Metabolic disturbances are common in individuals with schizophrenia receiving second-generation antipsychotic therapy. A 30-week double-blind randomized trial published in Diabetes Care evaluated the effects of semaglutide on insulin sensitivity, insulin resistance, β-cell function, and glucose regulation in adults with overweight or obesity and schizophrenia who had prediabetes and were receiving second-generation antipsychotics.

The trial randomized 154 participants to semaglutide (n = 77) or placebo (n = 77), and 141 individuals (91.5%) completed the study. Participants were 56% women and had a mean age of 38.3 years. Complete insulin-related metabolic data were available for 131 participants. Baseline and follow-up assessments included fasting glucose, insulin, C-peptide, body weight, β-cell function using the Homeostasis Model Assessment (HOMA2), insulin sensitivity (HOMA2), and the HOMA index for insulin resistance.
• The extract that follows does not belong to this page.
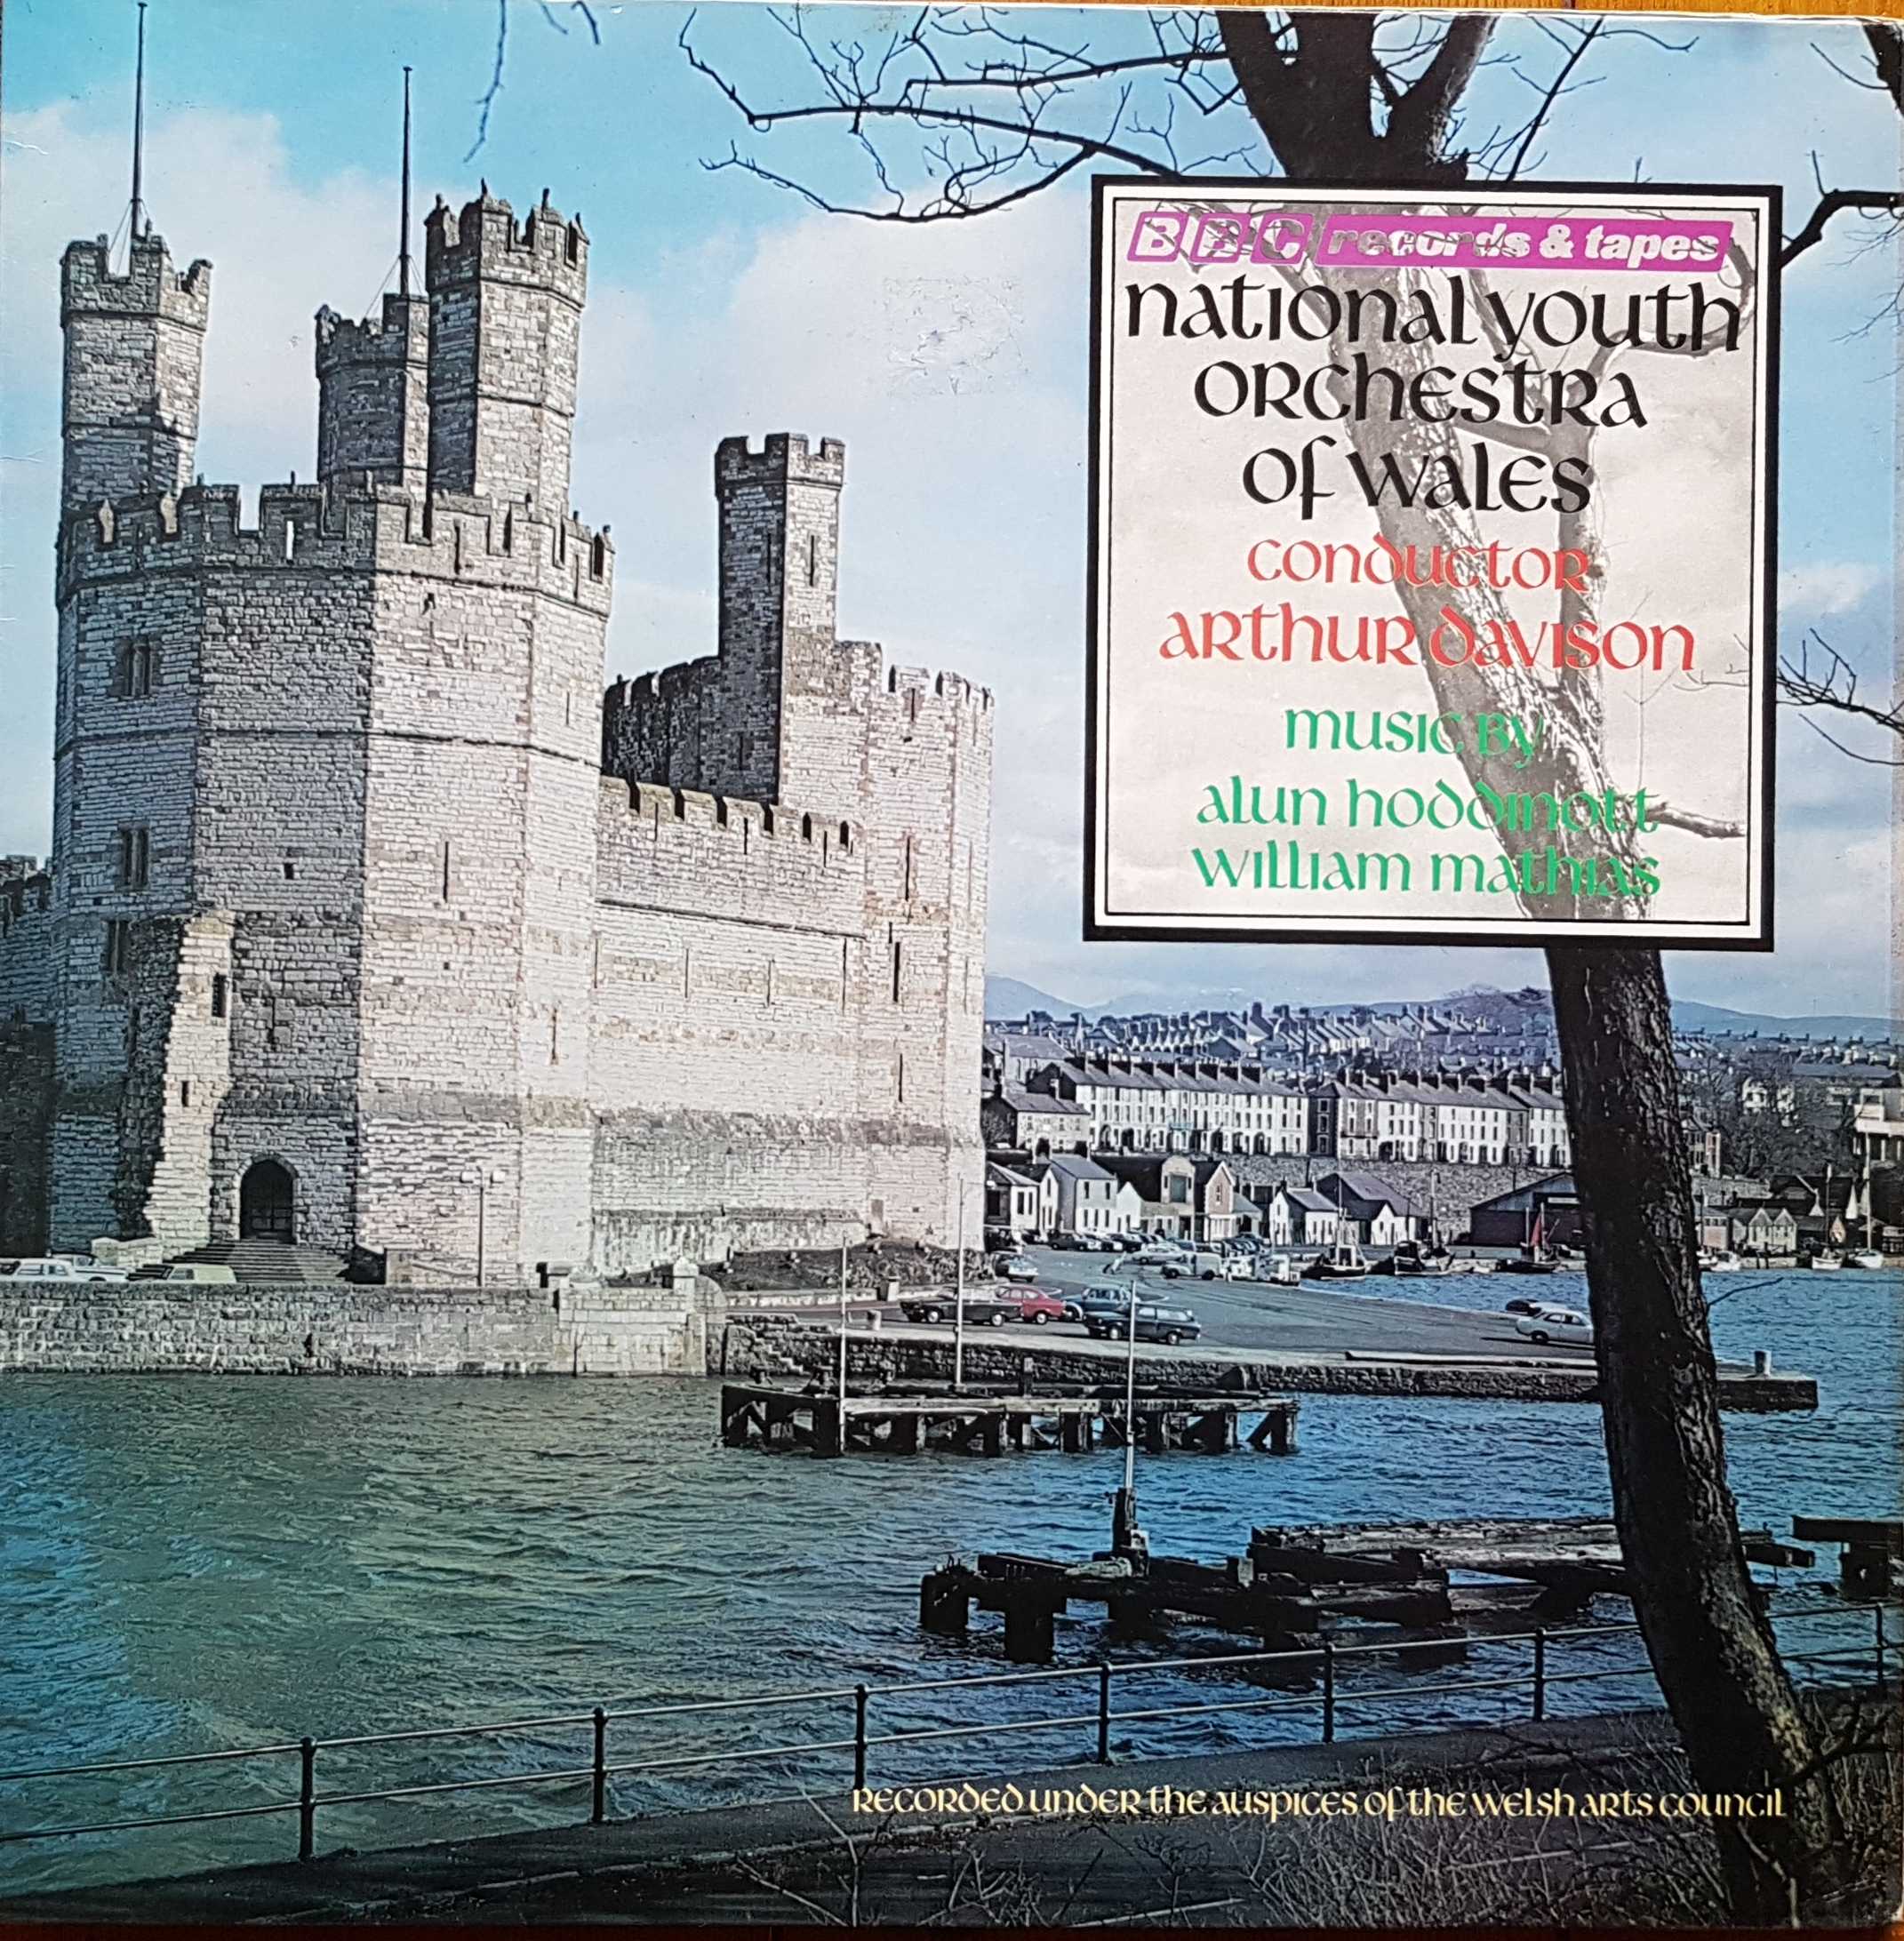 Picture of REC 222 National Youth Orchestra of Wales by artist Various from the BBC albums - Records and Tapes library
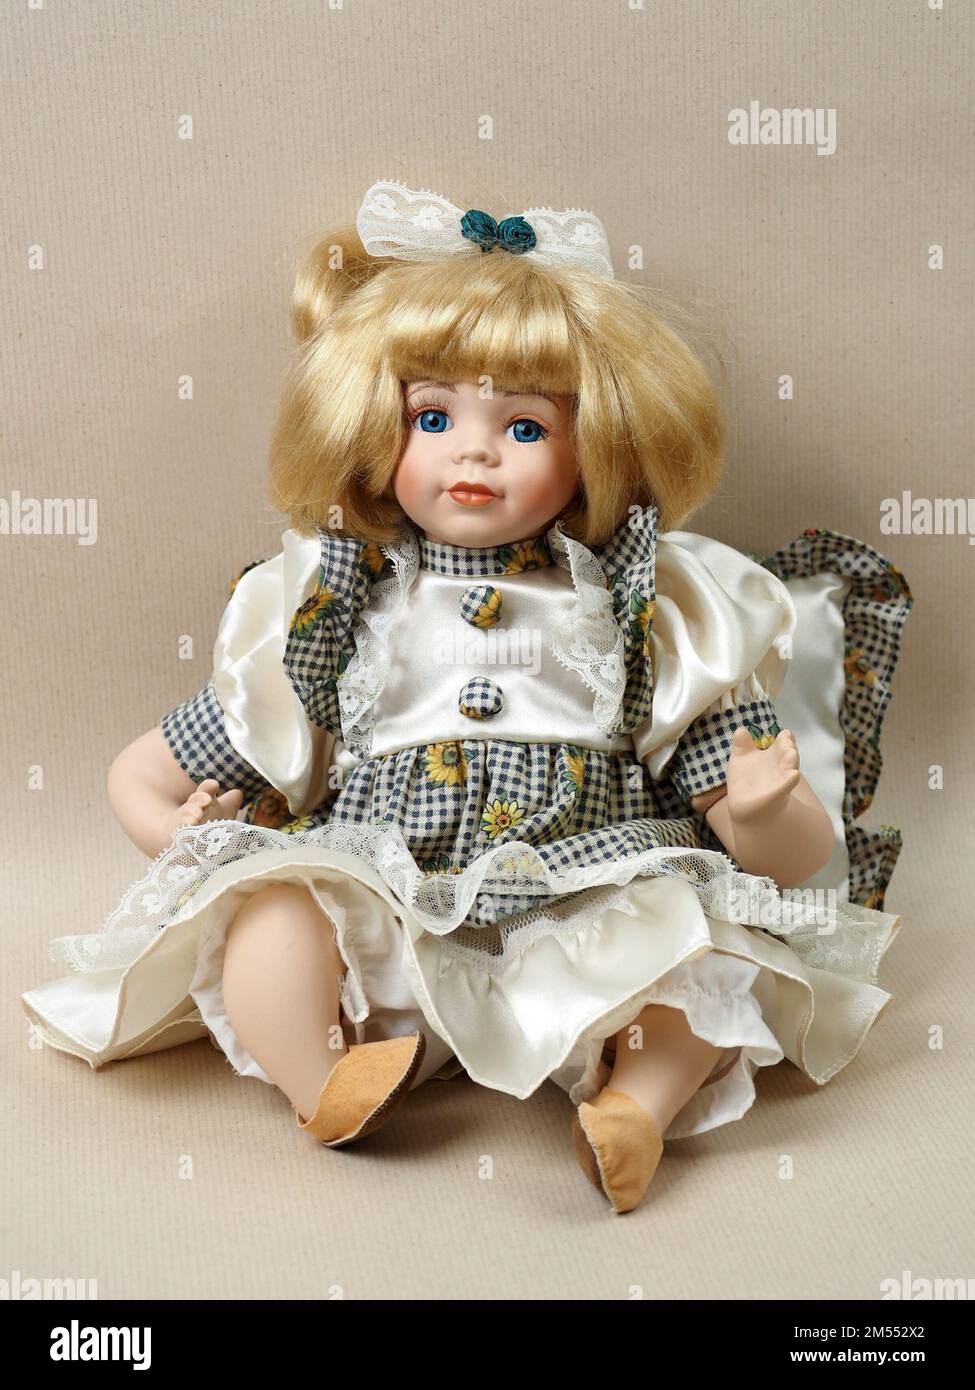 Vintage porcelain doll baby girl with blue eyes, blonde with a bow in her  hair, in a checkered sundress and a white blouse. Porcelain dolls were  popular in the 18th century in

Compared with placebo, semaglutide reduced fasting glucose by −0.87 mmol/L (95% CI −1.15 to −0.59; P < 0.001). Insulin sensitivity improved by 8.60 (95% CI 5.82 to 13.65; P = 0.001). Insulin resistance declined by −0.69 (95% CI −1.00 to −0.20; P = 0.006). Participants receiving semaglutide experienced a mean weight loss of 9.2 kg. Mediation analysis showed that weight loss partly explained improvements in insulin sensitivity (estimate 7.82; P = 0.01) and insulin resistance (estimate −0.75; P = 0.01).

Reductions in fasting insulin and C-peptide and the increase in β-cell function were not statistically significant. Overall, semaglutide improved insulin sensitivity, reduced insulin resistance, lowered fasting glucose, and produced substantial weight loss, while β-cell function remained largely unchanged.